This release includes fixes for a number of minor bugs as well being the first release to officially support HP ProCurve ACL configuration. Thanks to a generous donation of several switches from Hewlett Packard we were able to test and finalize the ProCurve support. This release also fixes a critical bug in V4.1 related to Cisco IOS ACL configurations. Some configurations would cause Firewall Builder to incorrectly generate and error with the message "Can not find interface with network zone that includes address A.B.C.D.".
v4.1.1 has been tested, and we believe it to be ready for production use, but if you do find a bug or issue please let us know.
Built-in policy installer now works with HP Procurve switches. Currently installer can only execute generated configurarion lines one-by-one on the switch; installation method using scp that is available for Cisco routers is not supported yet.
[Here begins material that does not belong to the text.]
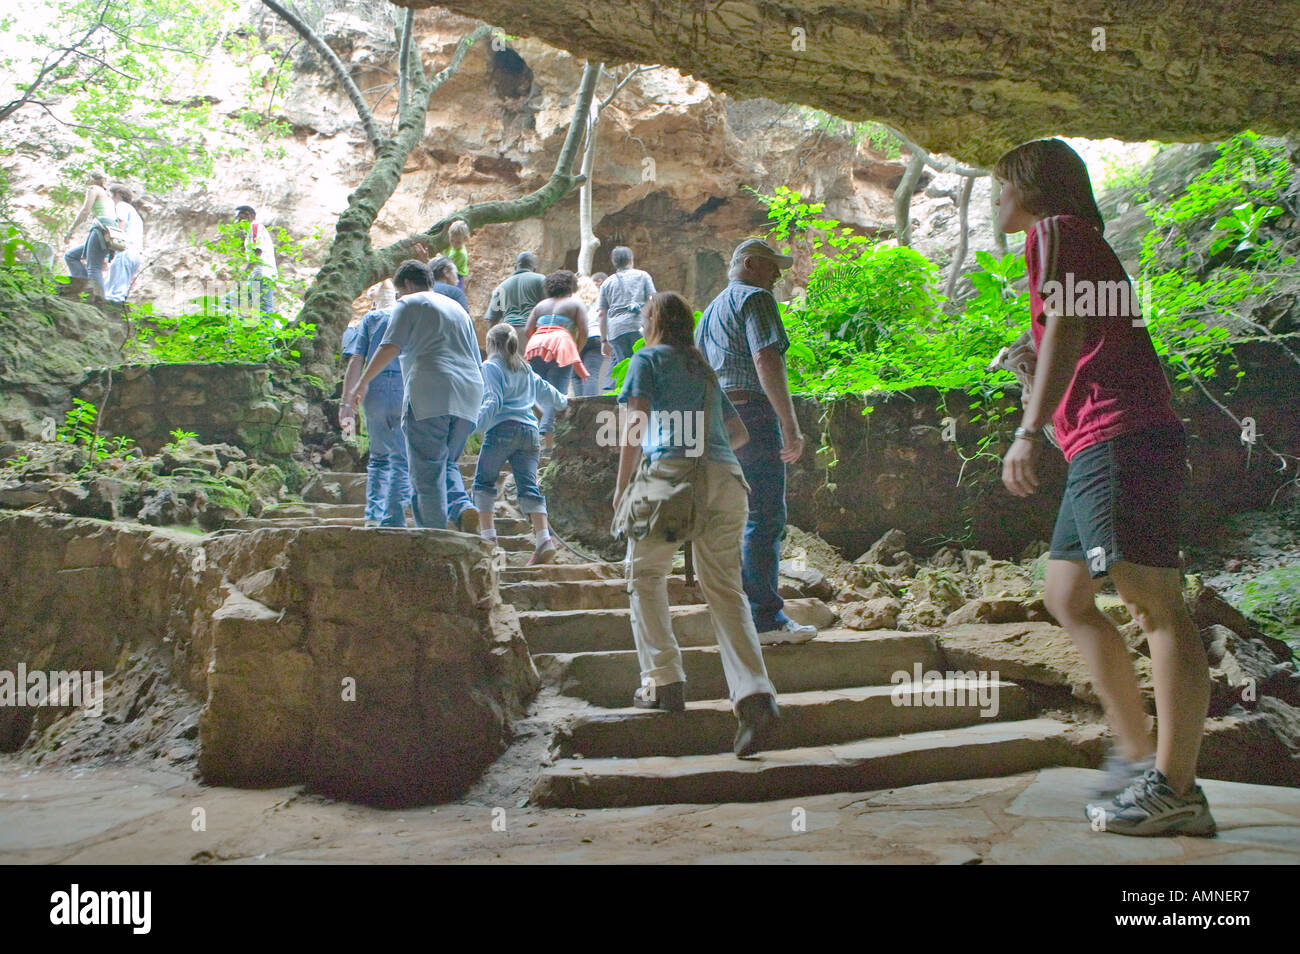 Reise des Mannes wird symbolisiert, wie Touristen aus Höhlen am Cradle of Humankind Weltkulturerbe in der Provinz Gauteng Fuß Stockfoto

This has been tested with Procurve firmware K14.31 on ProCurve J9470A Switch 3500-24. Caveat: manager access should not be configured with user name (that is, no "password manager user-name foo")
fixed #1683 When user creates new firewall using snmp scan, fwbuilder will now guess and assign the type to interfaces that look like vlans for the given platform and host OS.
fixed #1683 class procurveInterfaces interprets interface "DEFAULT_VLAN" as vlan interface with vlan id 1.
fixed #1693 SF bug 3048516 "NAT rule with 'Use SNAT instead MASQ' doesn't work". NAT rule using combination of the option "Use SNAT instead of MASQ", dynamic address of an interface and source port translation produced iptables command with incorrect syntax.
see #1685 "iptables redirecting NAT rules in the OUTPUT chain". This fix makes it possible to create iptables NAT rule with target REDIRECT in the OUTPUT chain. The rule should have firewall object in OSrc and TDst rule elements.
fixed #1685 "iptables redirecting NAT rules in the OUTPUT chain". NAT rules should be allowed to translate from CustomService to TCP or UDP service, provided CustomService object is configured with matching protocol.
fixed #1686 "can not generate basic NAT branching rule". NAT branching rules were not generated in single rule compile mode because compiler needs information about targets used in the branch rule set rules to decide which chain the branching rule should be placed in. Now it will use PREROUTING and POSTROUTING in single compile mode but issue a warning.
No changes support for PF in this release
fixed #1690 "IOS ACL and Procurve ACL compilers fail because interfaces are not assumed to have network zone any anymore". Compilers for Cisco IOS ACL and Procurve ACL always assumed all interfaces have network zone "any". Recent changes made in 4.1.0 changed that and compilers stopped working for some rule configurations. This bug caused compiler to fail with error message "Can not find interface with network zone that includes address A.B.C.D"
No changes in support for PIX in this release
fixed #1688 "Procurve ACL remarks should be in quotes if they include space"
fixed #1687 "temporary access list commands syntax is incorrect". Temporary ACL generated for the Procurve platform was incorrect.
Built-in installer has been tested and now works with ProCurve switches.